[rllib] Clip DDPG ou-noise to avoid exceeding action bounds (#3386)

Closes #2965
2025-03-06 10:31:39 -05:00 · 2018-11-24 00:56:50 -08:00 · 2018-11-24 00:56:50 -08:00 · 18a8dbfcfb
commit 18a8dbfcfb
parent 55fca828ce
4 changed files with 15 additions and 7 deletions
--- a/python/ray/rllib/agents/ddpg/ddpg_policy_graph.py
+++ b/python/ray/rllib/agents/ddpg/ddpg_policy_graph.py
@ -89,8 +89,10 @@ class ActionNetwork(object):
            exploration_value = tf.assign_add(
                exploration_sample,
                theta * (.0 - exploration_sample) + sigma * normal_sample)
-            stochastic_actions = deterministic_actions + eps * (
-                high_action - low_action) * exploration_value
+            stochastic_actions = tf.clip_by_value(
+                deterministic_actions +
+                eps * (high_action - low_action) * exploration_value,
+                low_action, high_action)
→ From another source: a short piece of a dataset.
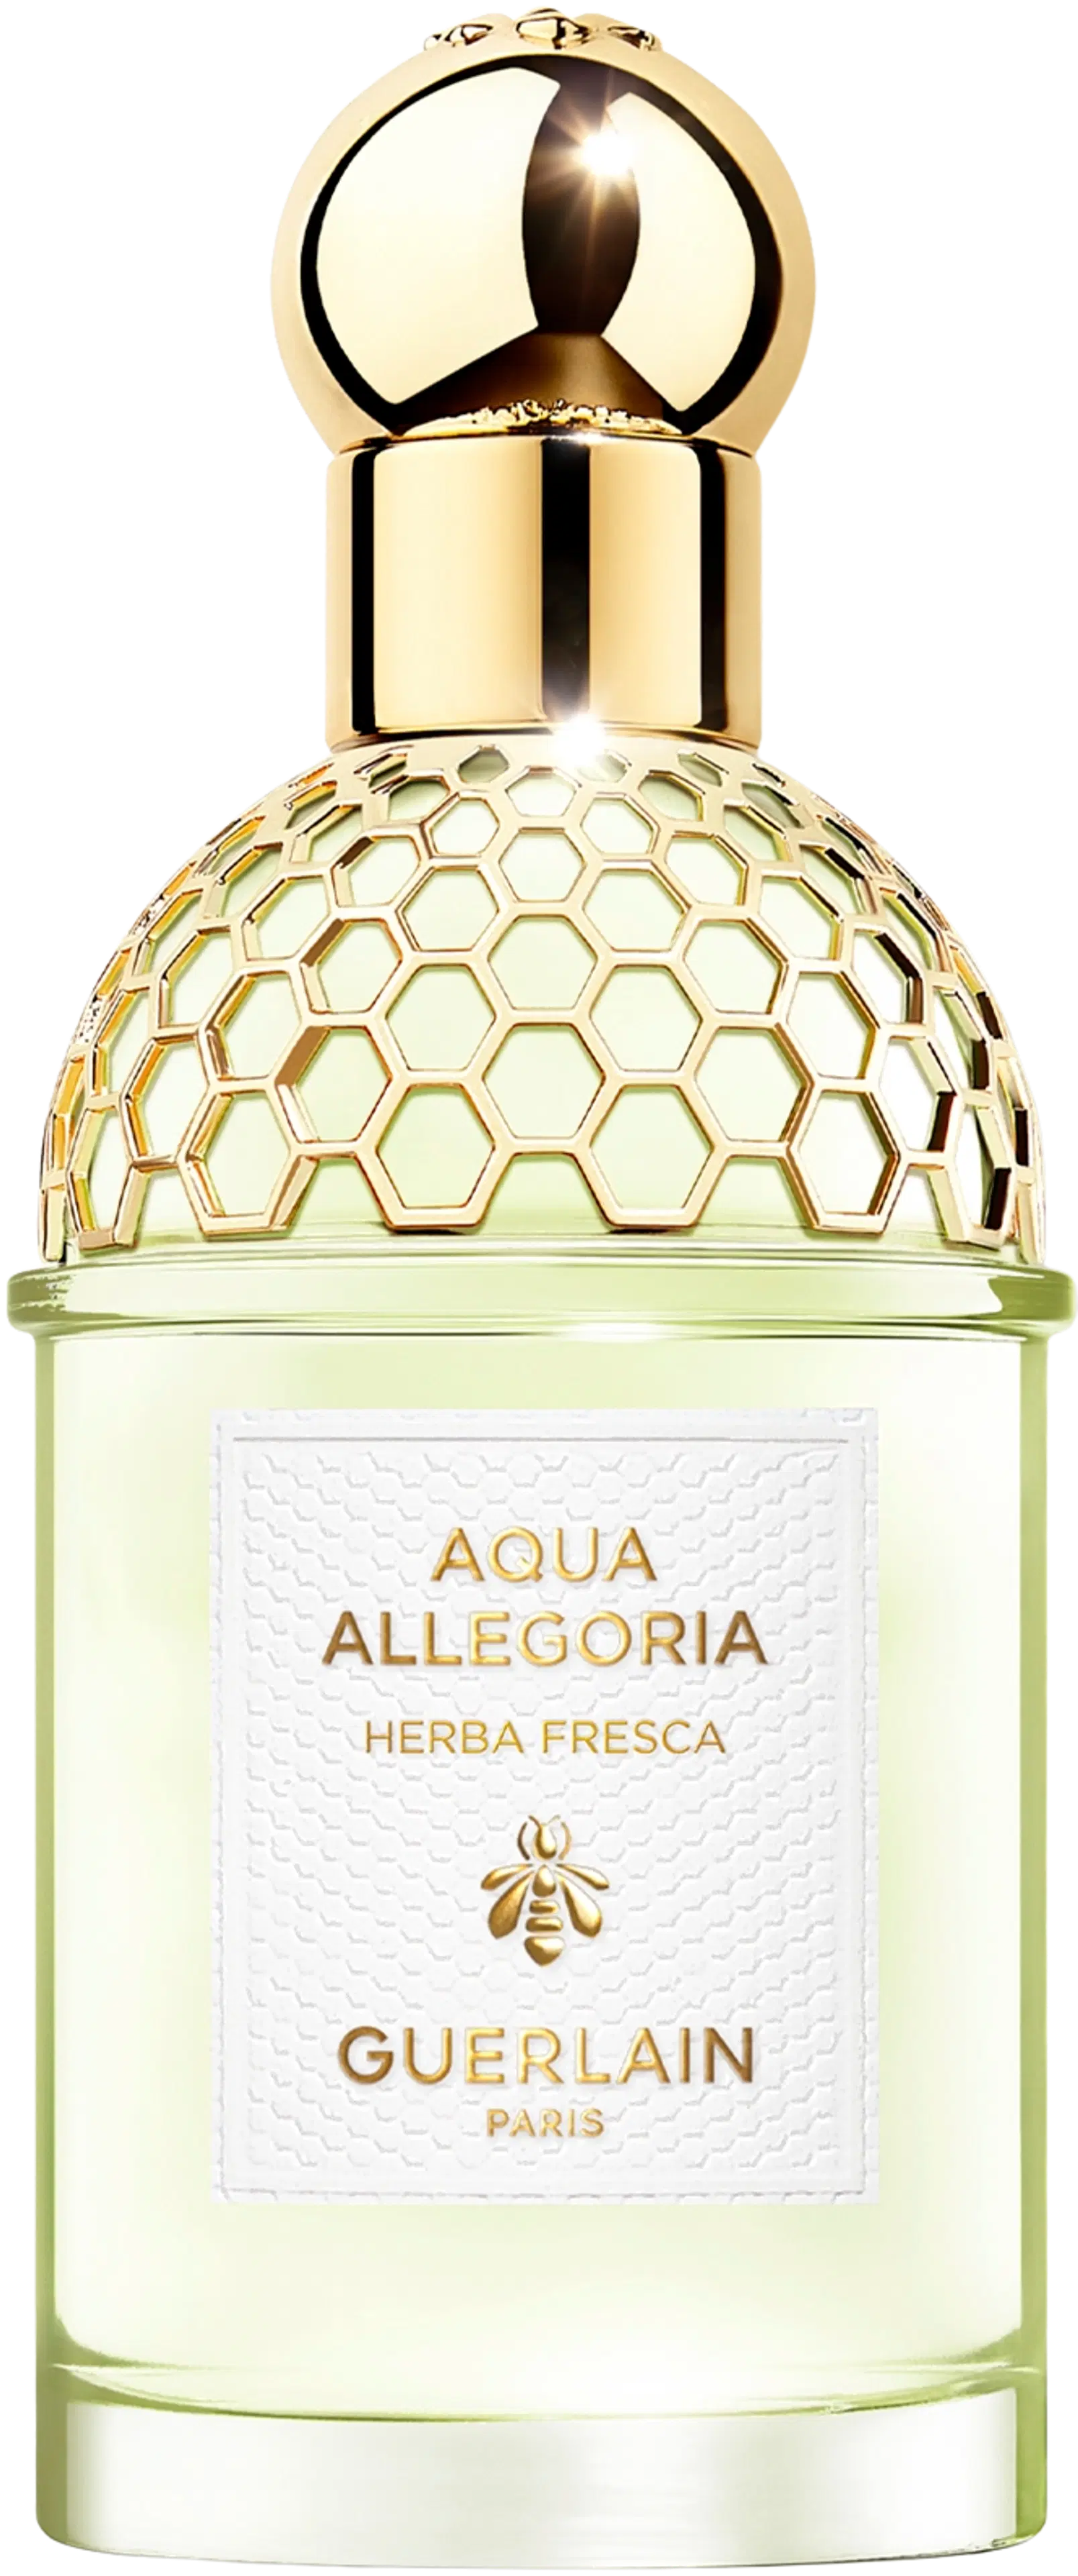 Guerlain Aqua Allegoria Herba Fresca EDT 75 ml

        self.actions = tf.cond(stochastic, lambda: stochastic_actions,
                               lambda: deterministic_actions)
--- a/python/ray/rllib/agents/pg/pg_policy_graph.py
+++ b/python/ray/rllib/agents/pg/pg_policy_graph.py
@ -78,7 +78,7 @@ class PGPolicyGraph(TFPolicyGraph):
                               sample_batch,
                               other_agent_batches=None,
                               episode=None):
-        # This ads the "advantages" column to the sample batch
+        # This adds the "advantages" column to the sample batch
        return compute_advantages(
            sample_batch, 0.0, self.config["gamma"], use_gae=False)

--- a/python/ray/rllib/models/action_dist.py
+++ b/python/ray/rllib/models/action_dist.py
@ -102,9 +102,9 @@ class DiagGaussian(ActionDistribution):
        self.low = low
        self.high = high

-        # Squash to range if specified.
-        # TODO(ekl) might make sense to use a beta distribution instead:
-        # http://proceedings.mlr.press/v70/chou17a/chou17a.pdf
+        # Squash to range if specified. We use a sigmoid here this to avoid the
+        # mean drifting too far past the bounds and causing nan outputs.
+        # https://github.com/ray-project/ray/issues/1862
        if low is not None:
            self.mean = low + tf.sigmoid(self.mean) * (high - low)

--- a/python/ray/rllib/test/test_supported_spaces.py
+++ b/python/ray/rllib/test/test_supported_spaces.py
@ -112,7 +112,13 @@ class ModelSupportedSpaces(unittest.TestCase):
    def testAll(self):
        stats = {}
        check_support("IMPALA", {"num_gpus": 0}, stats)
-        check_support("DDPG", {"timesteps_per_iteration": 1}, stats)
+        check_support(
+            "DDPG", {
+                "noise_scale": 100.0,
+                "timesteps_per_iteration": 1
+            },
+            stats,
+            check_bounds=True)
        check_support("DQN", {"timesteps_per_iteration": 1}, stats)
        check_support("A3C", {
            "num_workers": 1,